One day at school, a teacher pulled me aside after class. He was concerned. He noticed my scar and asked if I was okay. He must have taken it as a sign of abuse. I assured him I was fine and chalked it up to my allergy to cats.
Why would I intentionally hurt myself? Did I believe what the other kids said – that I was terribly short, had a big nose, and was weird because I liked classical music? Did I really let that teasing get to me?
Self-destructive behaviors such as hair-pulling, picking at objects, and self-harming are often a way to relieve emotional stress. “People may resort to self-harm as a desperate way to cope with overwhelming emotional pain,” Dr. Kress said.
She said, “Often people find it difficult to express their thoughts and feelings, so they end up acting rather than expressing their feelings in words.”
Teenage girls are two to four times more likely to self-harm than boys. Anyone experiencing these problems should seek support, whether from family, friends or teachers.
“The best protection is to involve the family, even if it’s scary, even if the family has contributed in some way to the condition or to its persistence,” Dr Whitlock said. “I would now recommend involving the family at the earliest opportunity, unless it’s absolutely clear that there is a risk.”
Luckily, I found a supportive environment when I entered a specialized high school for drama at age 14. My classmates shared my passion for music, dance, and drama. I was no longer sitting alone at the lunch table with no one making fun of me. Instead, I was accepted and made friends. I had finally found a safe place.
But I never stopped scratching myself in high school. I still have the nervous habits of that 13-year-old. Now I have the scars to prove it. It’s no longer a secret habit, and those scars will never go away.
As an adult and now a parent, I have stopped scratching, although I still maintain the old habit of lightly touching the surface of my skin without causing any harm.
I turned 30 last year and I am still embarrassed by my scars. I often notice people staring at me. They must have wondered what was wrong with me. For years, whenever anyone asked, I lied.

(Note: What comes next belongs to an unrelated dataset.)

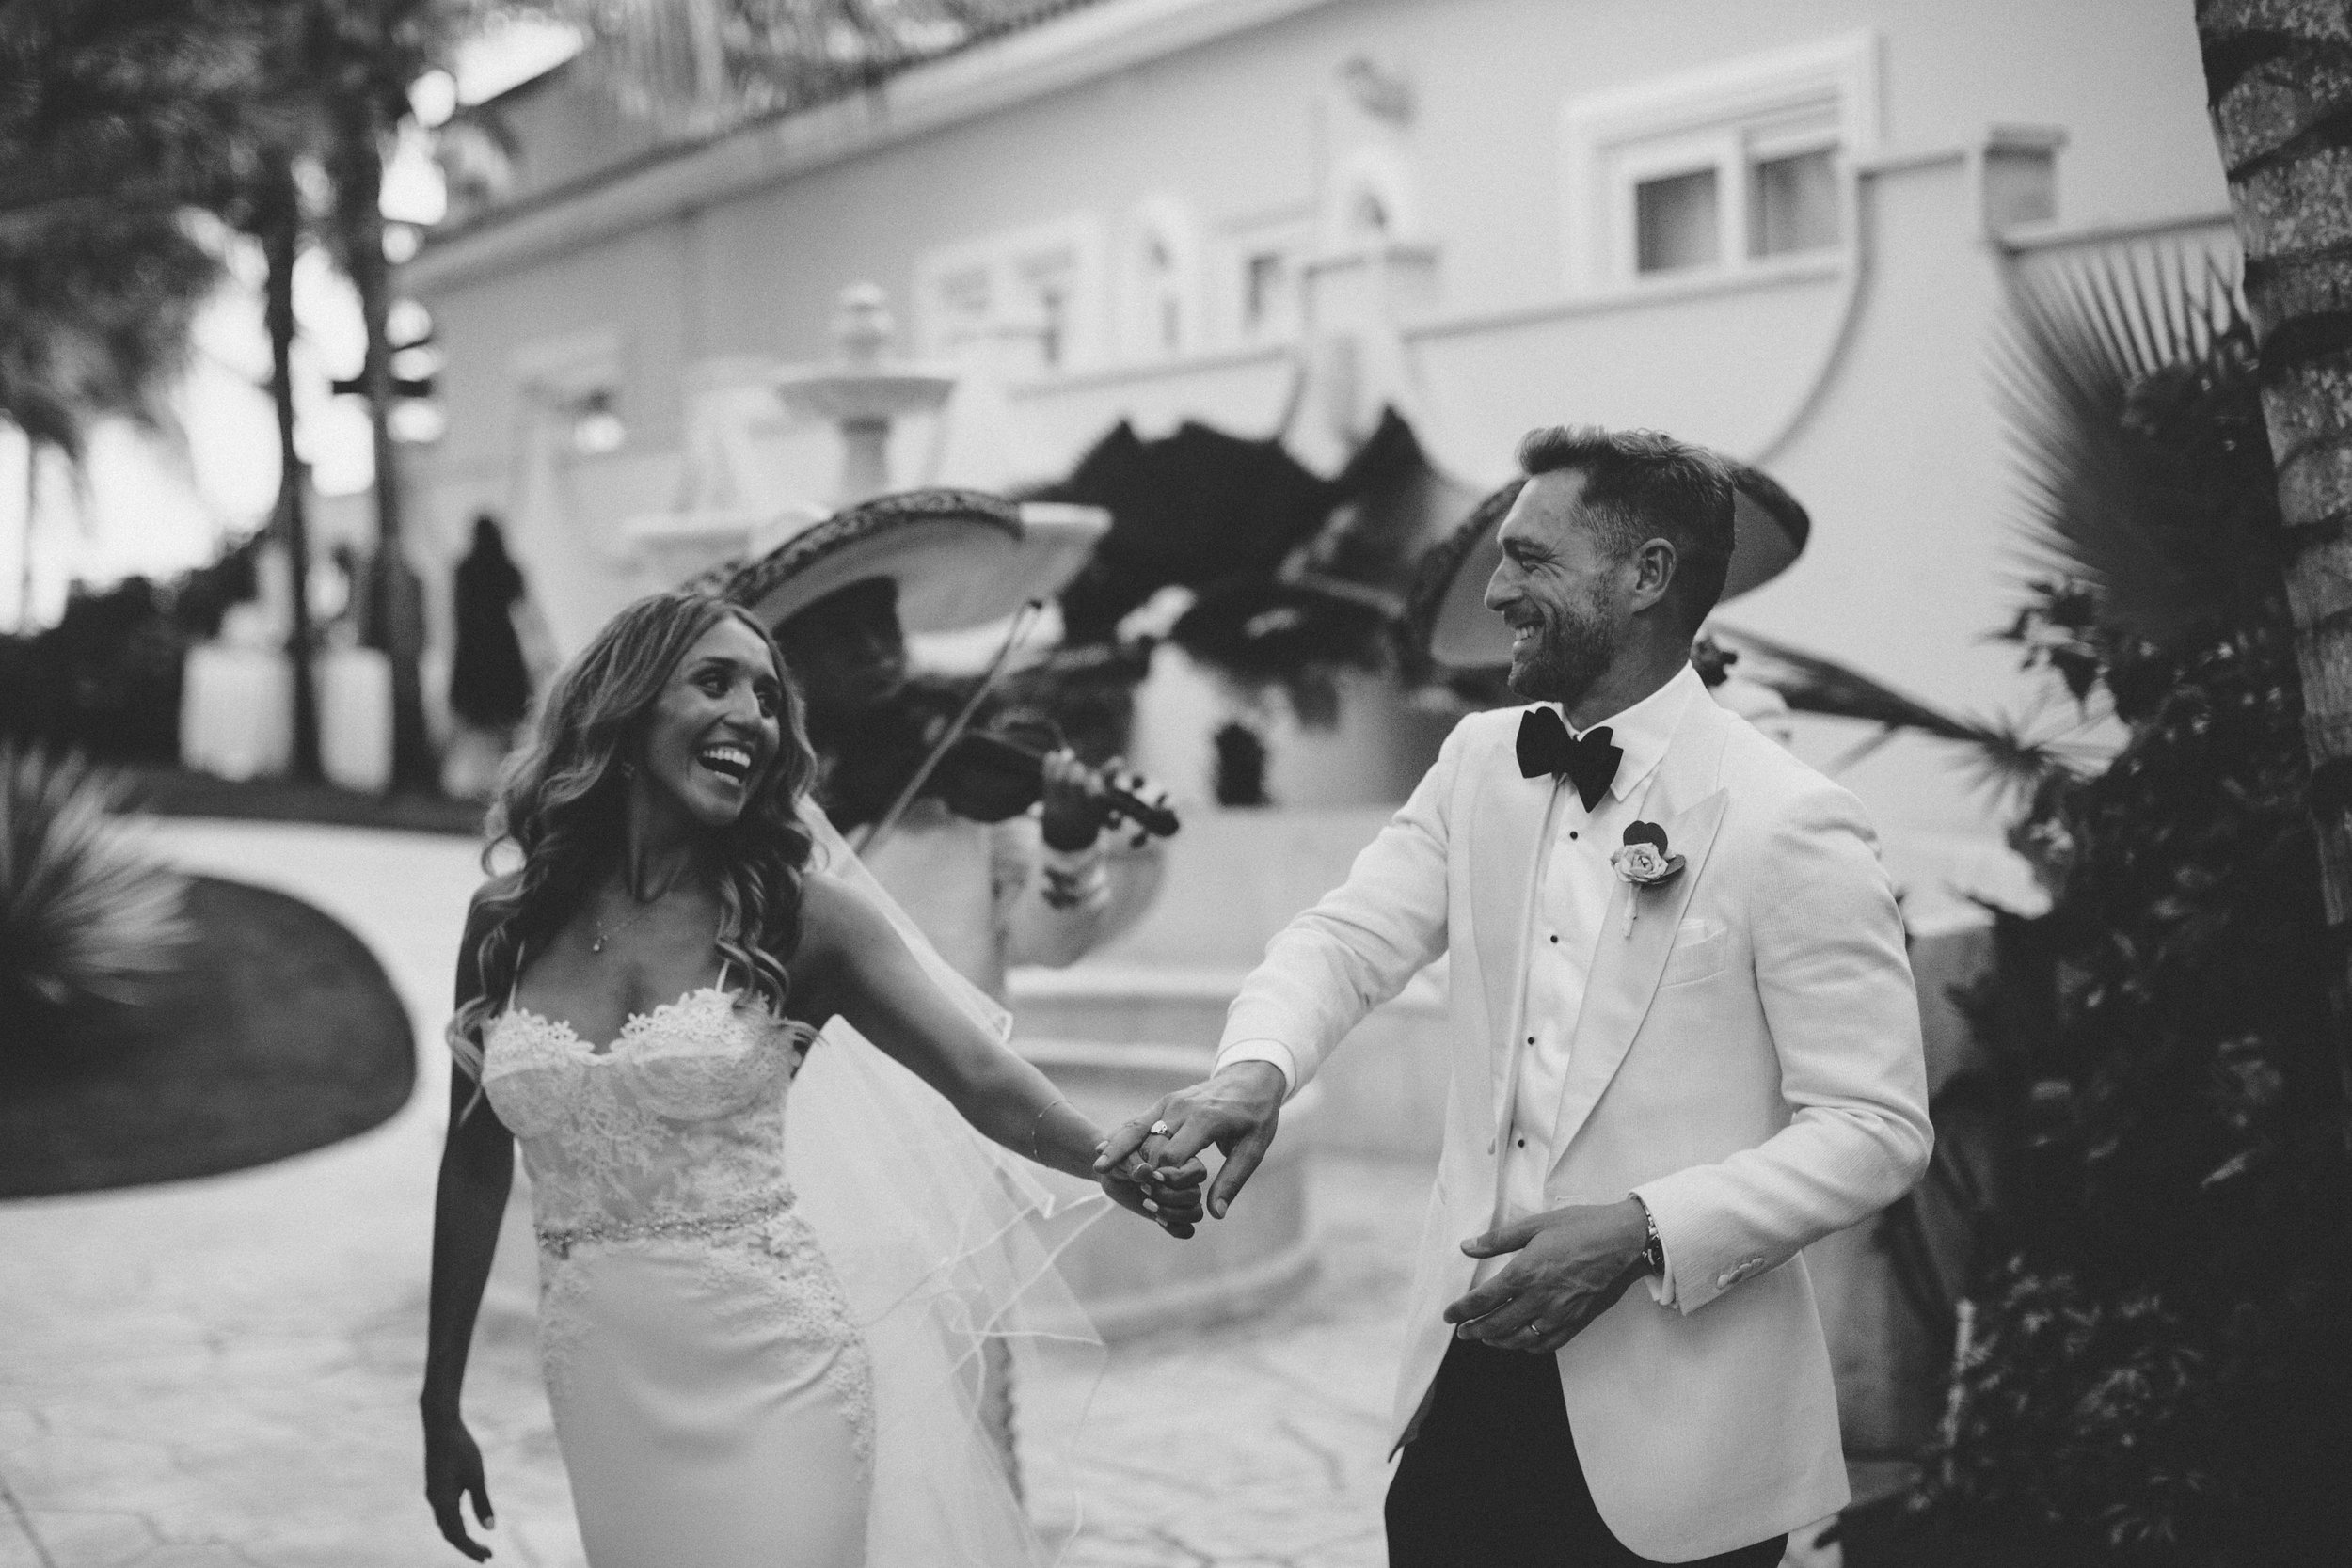 mexico_wedding_cancun_villa_la_joya_evangeline_lane_108.jpg

But I won’t lie anymore. One day my daughter will see my scars and ask where I got them. I’ll tell her the truth. I’ll also let her know that she won’t have to keep any secrets, at least not from me.
I want her to grow up strong and confident. Most of all, I hope she doesn’t let other people’s words hurt her. I want her to know that life is painful enough without hurting herself.
Caroline Chirichella is a former New Yorker who now works as a chef and freelance writer in southern Italy.